Hacker News new | ask | show | jobs
by dataflow 1326 days ago
>> most binary search implementations don't claim they only work under some particular inputs

> They do implicitly. It's just common sense.

That's neither how language specifications work, nor true in this case even if it's true in other cases. Providing one more of the same kind of input that already works is in no way the same thing as changing something totally unrelated.

> When you read a recipe in a cookbook, it usually doesn't mention that you're expected to be standing on your legs, not on your arms.

I don't think this binary search was breaking because of people standing on their arms either.

> A lot of generic algorithm implementations will start acting weird if your input size has the order of INT_MAX. Instances this big will take days or weeks or process on commodity CPUs,

It's incredibly strange to read this from someone in 2022. I don't know of any standard library algorithm that would take "days or weeks" for inputs of size 2^31 now, let alone the majority of them being like this. In fact I don't think this was the case back when the article was written either.

1 comments

Ok, I looked at it closer and I admit that quicksort implemented in C won't take days on an input of 2³¹ elements. It will take less than 1-2 hours, I think. Something that is a bit worse than O(n log n) or has a 20× bigger constant hidden in O(·) will take days though.

I don't see my other arguments being convincingly refuted, so they still hold.

> Ok, I looked at it closer and I admit that quicksort implemented in C won't take days on an input of 2³¹ elements. It will take less than 1-2 hours, I think.

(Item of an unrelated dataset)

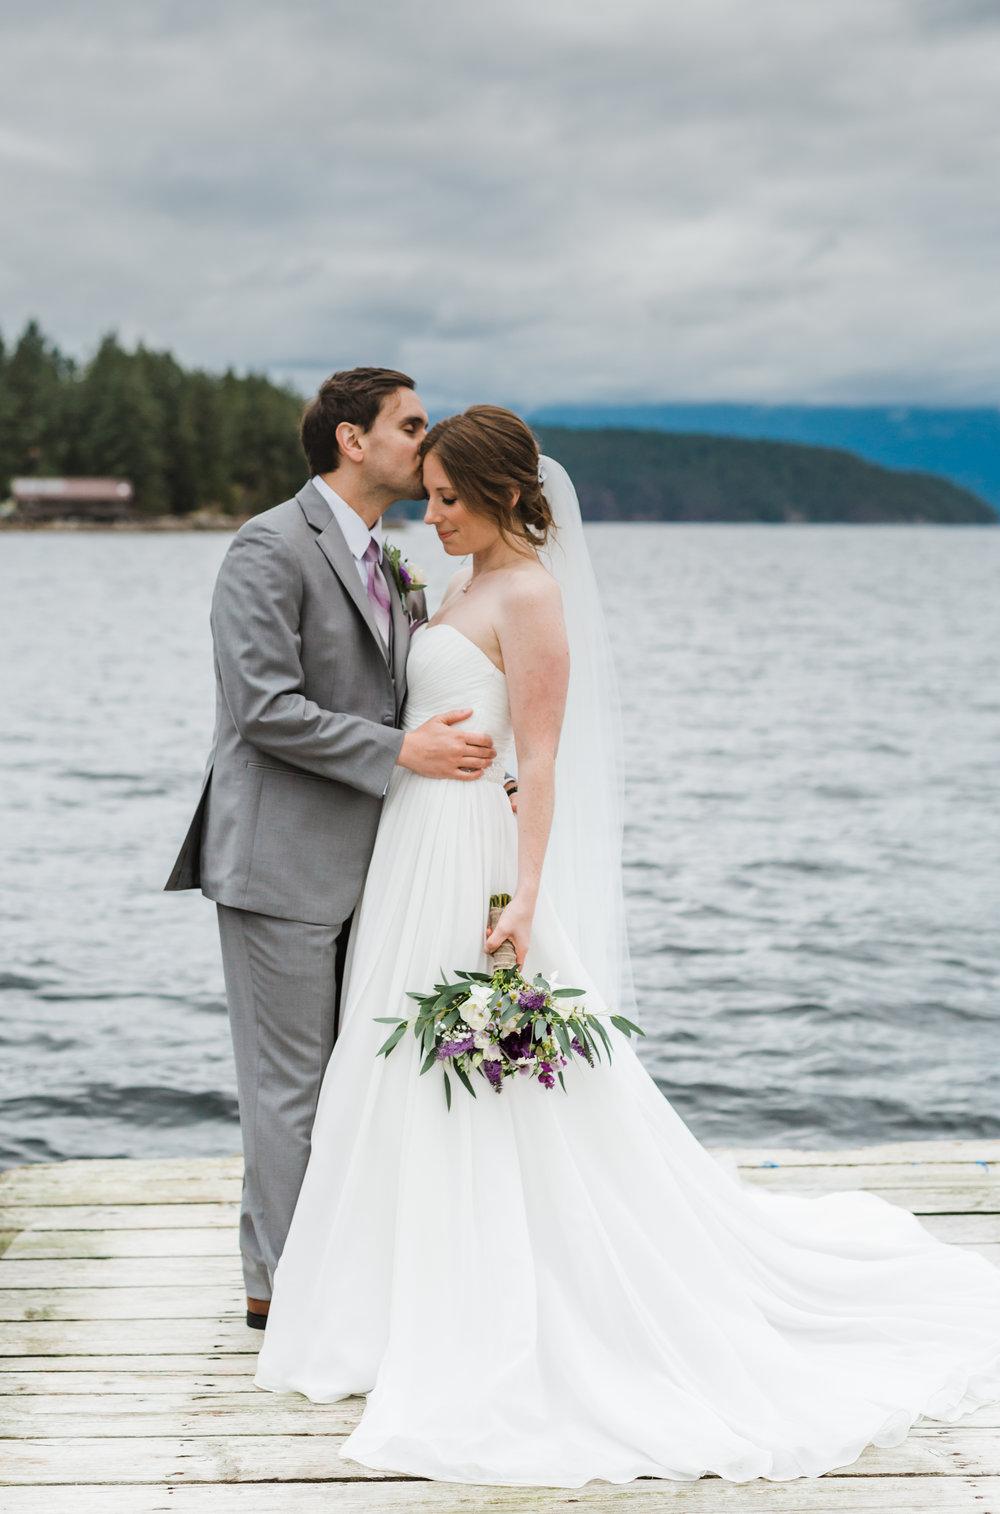 West Coast Wilderness Lodge Wedding Photos - Vancouver Wedding Photographer & Videographer - Sunshine Coast Wedding Photos - Sunshine Coast Wedding Photographer - Jennifer Picard Photography - IMG_6461.jpg

How ancient is your machine? Quicksorting (2^31 - 16) elements (because that's Java's hardcoded limit) takes < 11 seconds on my machine, and a big chunk of that time is taken in the random number generation to create the input...

  # Temp.java
  import java.util.*;
  public class Temp { public static void main(String[] args) { byte[] arr = new byte[0x7FFFFFF0]; new Random().nextBytes(arr); Arrays.sort(arr); } }

  $ javac Temp.java && time -p java Temp
  real 10.30
No, wait. The QuickSort from the article is O(n²), in fact. So that one specifically will take weeks, or even months to run — especially in Java. Feel free to test it and get back to me if you think I'm wrong.
> No, wait. The QuickSort from the article is O(n²),

What article are you referring to? This article is about binary search and mergesort, not quicksort?

And which quicksort has O(n^2) typical behavior? That's the worst-case behavior you normally only get on adversarial inputs, not the typical one. (And standard libraries have workaround for that anyway.)

Sorry, I indeed switched to a wrong browser tab and skimmed instead of reading when started this discussion. Please disregard the quicksort discussion.

I still think that it's normal for programs to behave weird when the input parameters are getting close to INT_MAX. Sometimes it's unavoidable. And if it's not specified in the function docs, you should go and check the implementation as a programmer. For binary search it is avoidable, so the criticism of the linked implementation is fair.